Note that nodes 6, 0, and 8 are also leaf nodes, but the depth of them is 2, but the depth of nodes 7 and 4 is 3.
Example 2:
Input: root = [1]
Output: [1]
Explanation: The root is the deepest node in the tree, and it's the lca of itself.
Example 3:
Input: root = [0,1,3,null,2]
Output: [2]
Explanation: The deepest leaf node in the tree is 2, the lca of one node is itself.
Constraints:
The number of nodes in the tree will be in the range [1, 1000].

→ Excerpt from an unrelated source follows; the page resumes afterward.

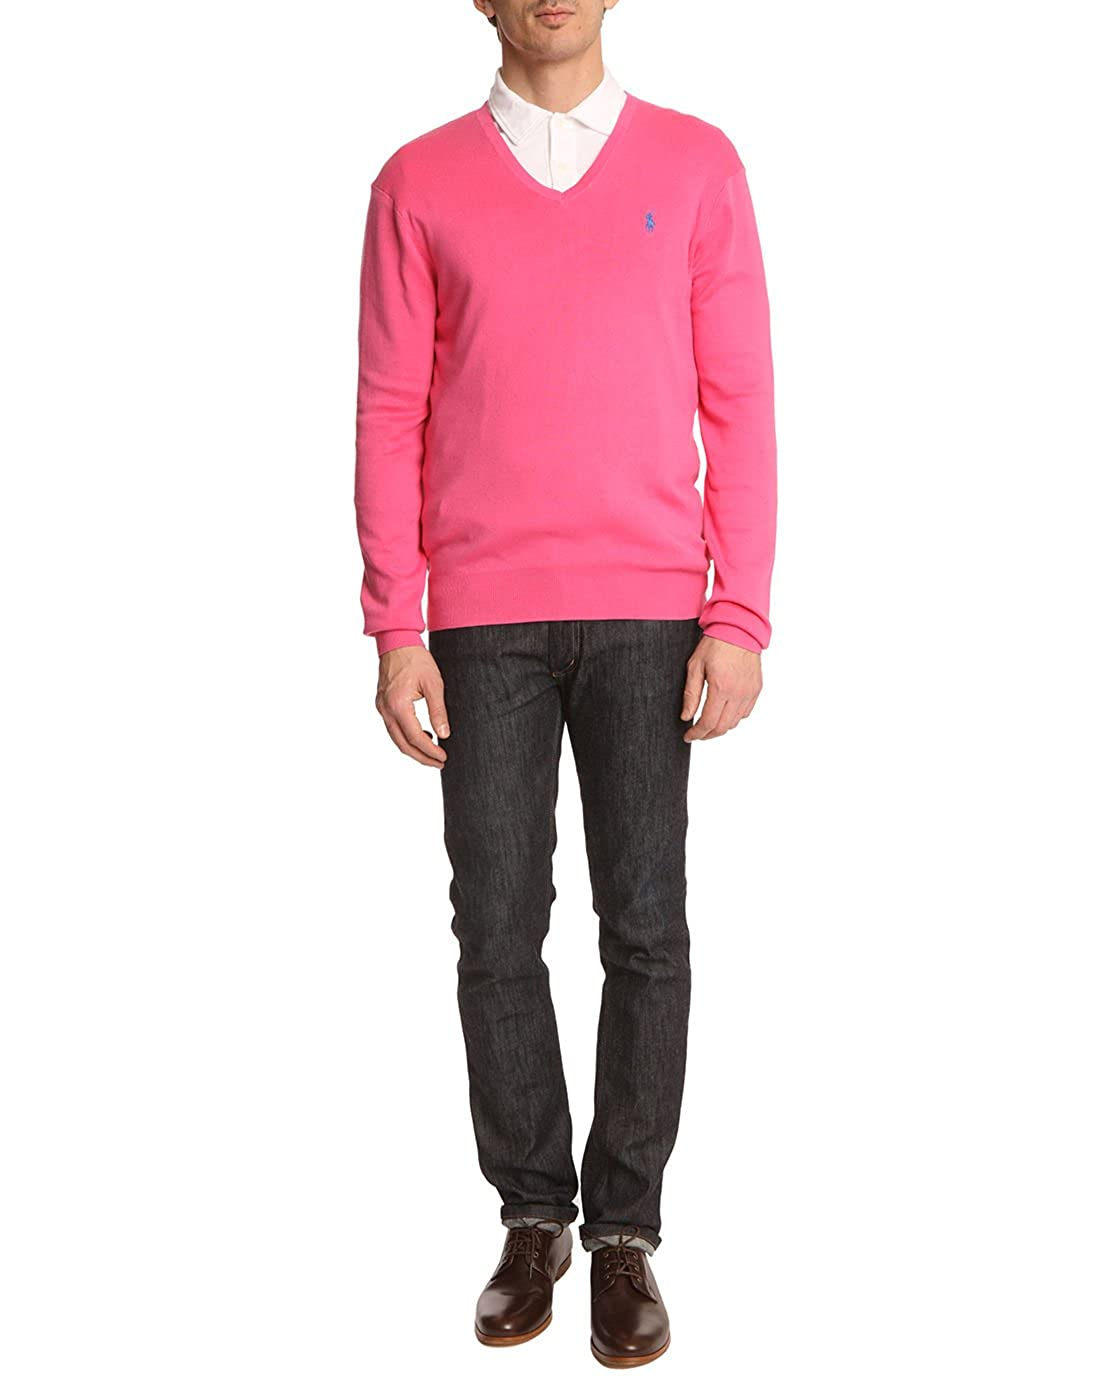 084e383ef4b513 Polo Ralph Lauren Pullover - V-Ausschnitt - Herren - Pullover Slim Fit rosa  Terra für herren - L  Amazon.de  Bekleidung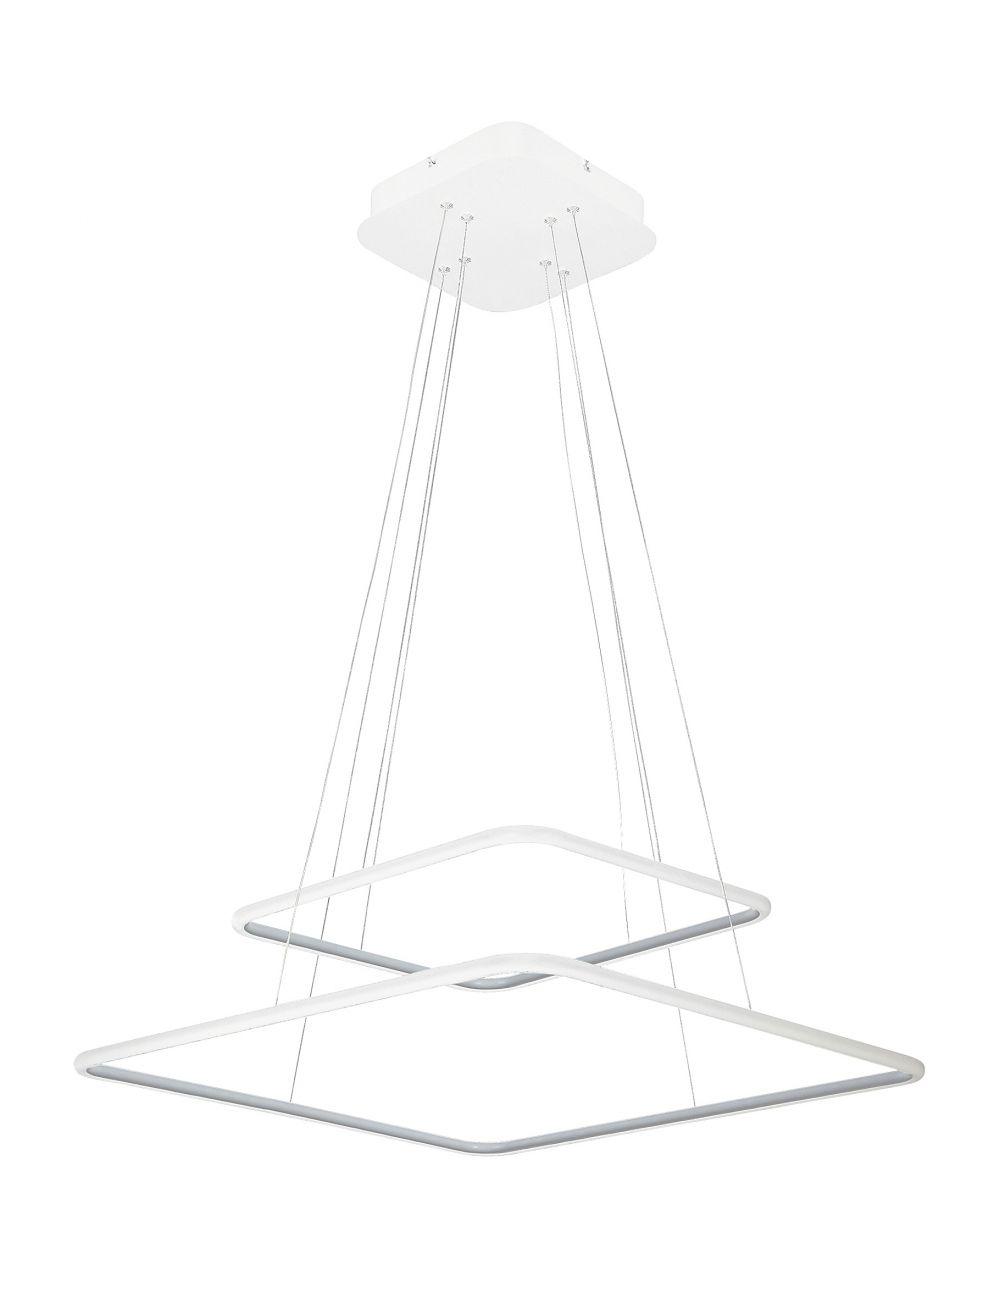 Nowoczesna lampa wisząca ledowa ring kwadratowa biała Donatella Rabalux 2546

We design a function dfs(root) that returns a tuple (l, d), where l is the deepest common ancestor of node root, and d is the depth of node root. The execution logic of the function dfs(root) is as follows:
If root is null, return the tuple (None, 0);
Otherwise, we recursively call dfs(root.left) and dfs(root.right), obtaining tuples (l, d1) and (r, d2). If d1 > d2, the deepest common ancestor of root is l, and the depth is d1 + 1; if d1 < d2, the deepest common ancestor of root is r, and the depth is d2 + 1; if d1 = d2, the deepest common ancestor of root is root, and the depth is d1 + 1.
In the main function, we call dfs(root) and return the first element of its return value to get the deepest common ancestor node.
The time complexity is $O(n)$, and the space complexity is $O(n)$. Here, $n$ is the number of nodes in the binary tree.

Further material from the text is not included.